Generate an IMF xarray.Dataset.

Parameters:

start (date-like or None) – Inclusive bounds (YYYY-MM-DD, YYYYDDD, ISO, or datetime). For omni they default to 1982-01-01 and yesterday. For bcwind they optionally filter the file (default: the file’s full span).
end (date-like or None) – Inclusive bounds (YYYY-MM-DD, YYYYDDD, ISO, or datetime). For omni they default to 1982-01-01 and yesterday. For bcwind they optionally filter the file (default: the file’s full span).
source ({"omni", "bcwind"}) – OMNI 1-minute ASCII (default) or a BCWIND HDF5 file.
window (int) – Trailing-average window in minutes for the OMNI pipeline (default 10). Ignored for bcwind (raw pass-through).
cache_dir (str or None) – Directory holding / receiving omni_min<year>.asc files (OMNI only).
bcwind_path (str or None) – Path to the BCWIND HDF5 file (required when source="bcwind").
download (bool) – Fetch missing OMNI year files over FTP (default True).
verbose (bool) – Print progress.

Returns:

Use imfgen.save_imf() to write it to NetCDF.

Return type:

xarray.Dataset

gcmprocpy.imfgen.core.generate_imf_years(start=None, end=None, window=10, cache_dir=None, download=True, verbose=False)[source]

Yield one OMNI Dataset per calendar year in [start, end].

Each year is generated independently (its own within-year interpolation), so the per-year files reproduce the legacy imf_OMNI_YYYY001-YYYYddd.nc files exactly. This is what imfgen --split-years writes. (BCWIND files are a single span and are not split.)

gcmprocpy.imfgen.dataset.save_imf(ds, output_dir='.', prefix=None, path=None)[source]

Write ds to NetCDF and return the path written.

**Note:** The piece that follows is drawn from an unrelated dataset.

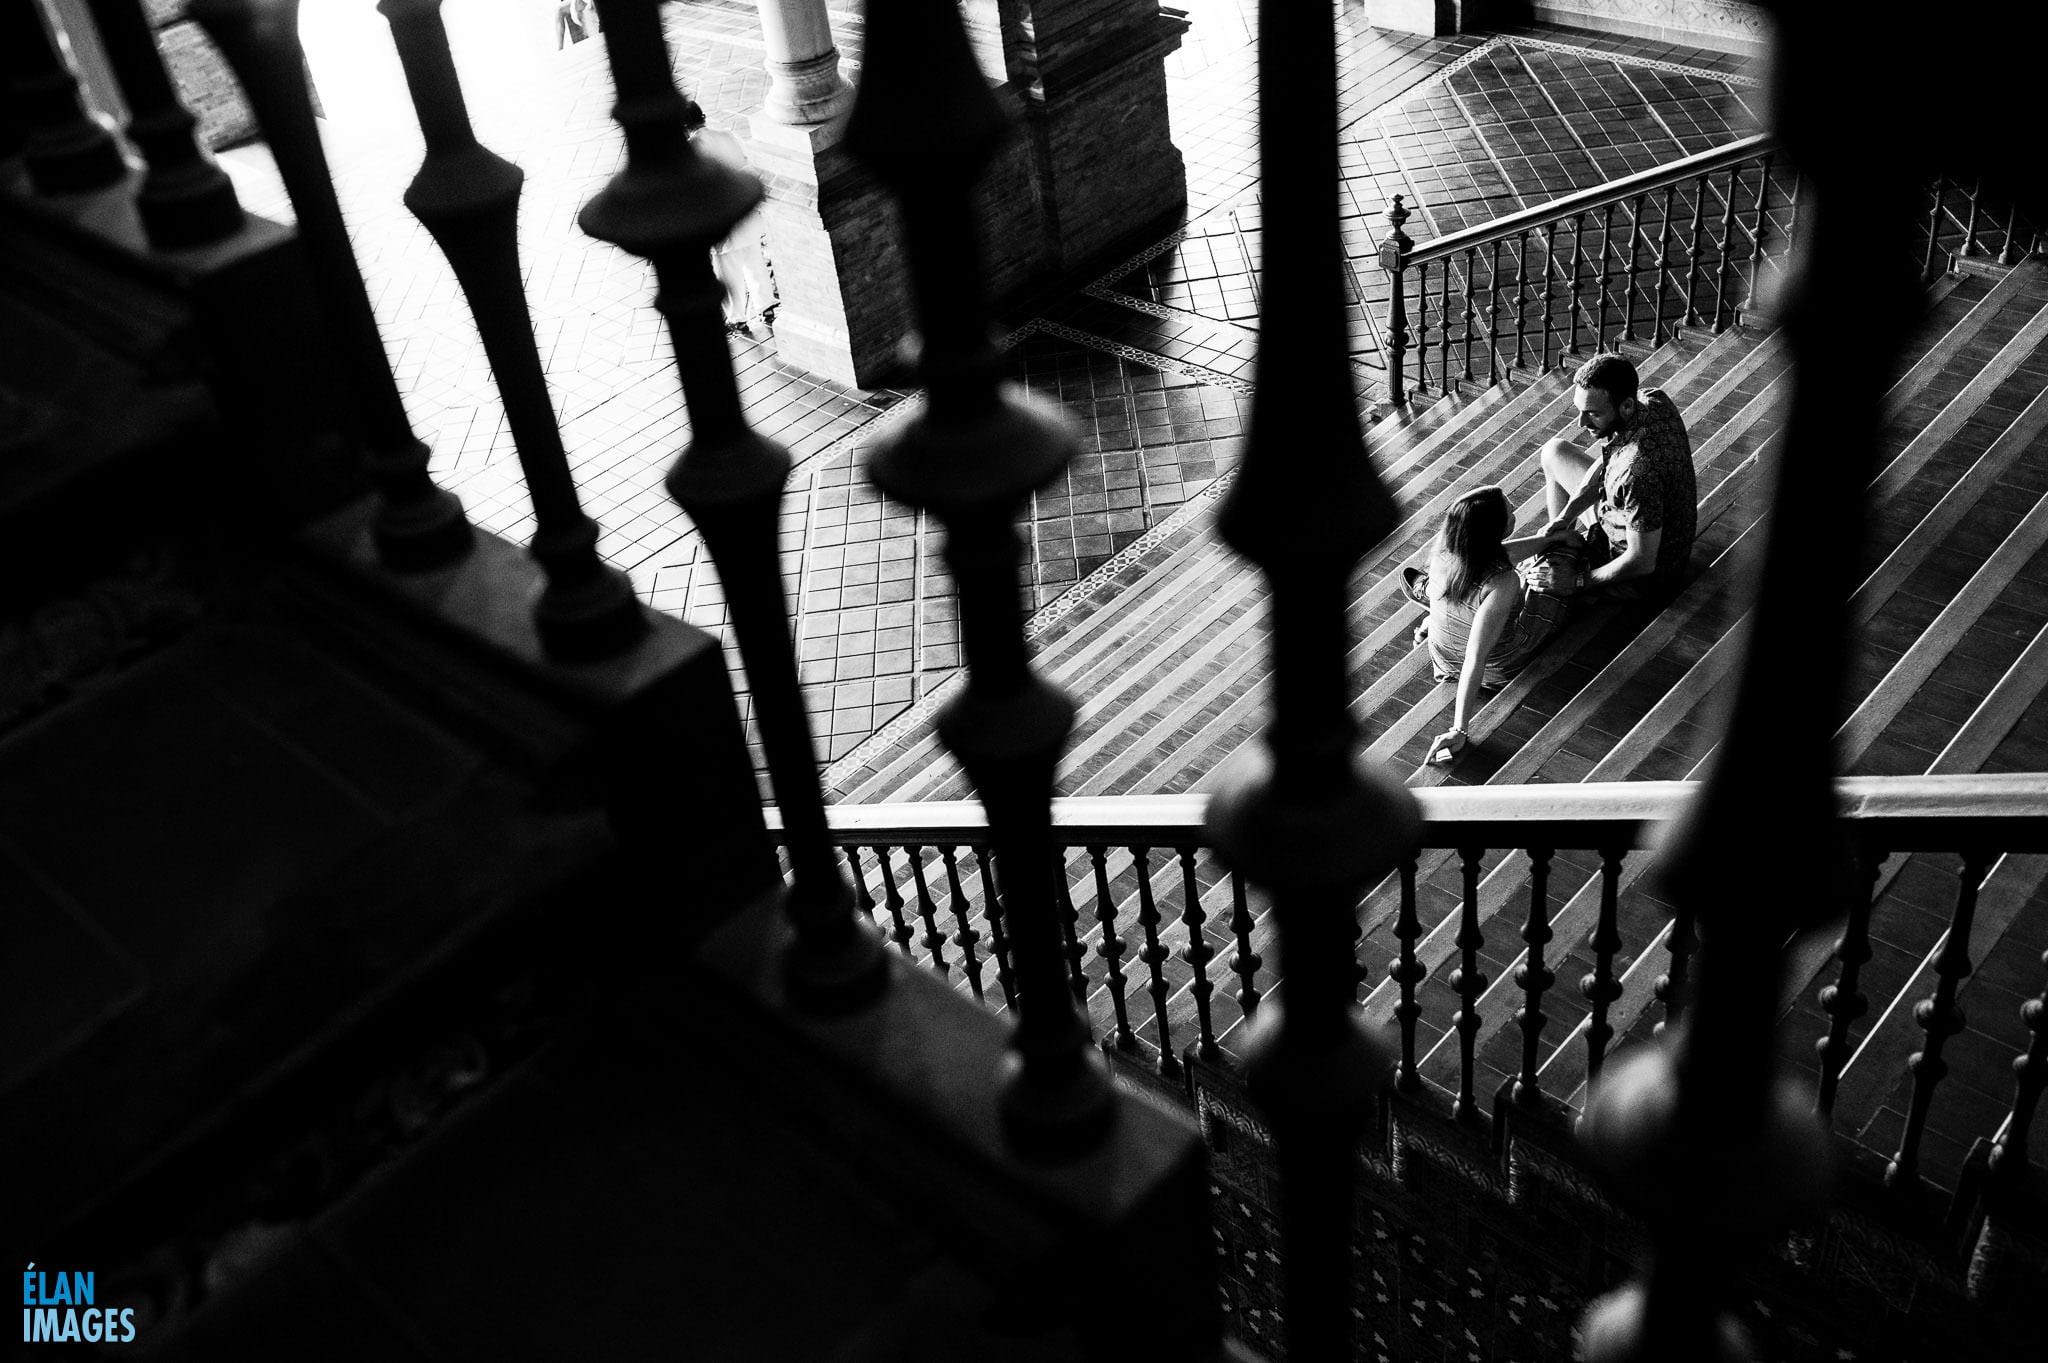 Plaza de España, Seville – Engagement Photo Shoot 17
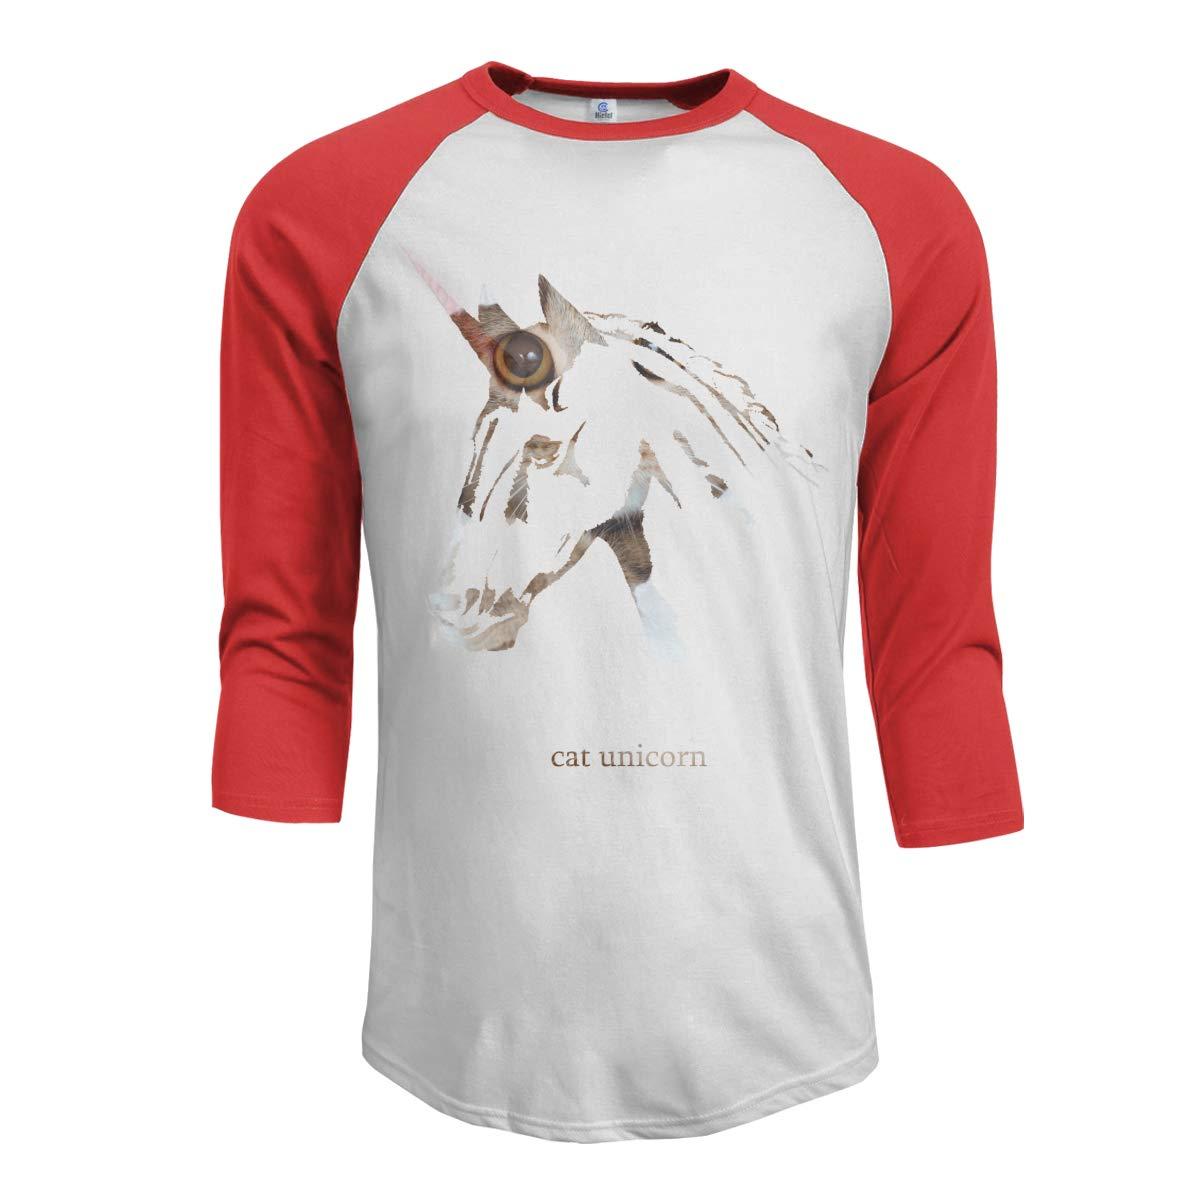 Xusnjv Cro-wn Ro-yal T Shirt Boys and Girls Casual Round Neck Short Sleeve T-Shirts Cotton

path overrides the auto-generated <prefix>_<beg>-<end>.nc name. (For per-year output, generate each year with imfgen.generate_imf_years() and call this once per dataset – see imfgen --split-years.)

gcmprocpy.imfgen.dataset.build_dataset(processed, dates, timestamps, source='omni', source_path=None)[source]

Build the IMF xarray.Dataset.

processed maps each channel in CHANNELS to (values, mask). dates is the YYYYDDD.frac float array; timestamps the ISO strings.

gcmprocpy.imfgen.dataset.imf_filename(ds, prefix=None)[source]: <prefix>_<begYYYYDDD>-<endYYYYDDD>.nc from the dataset’s bounds.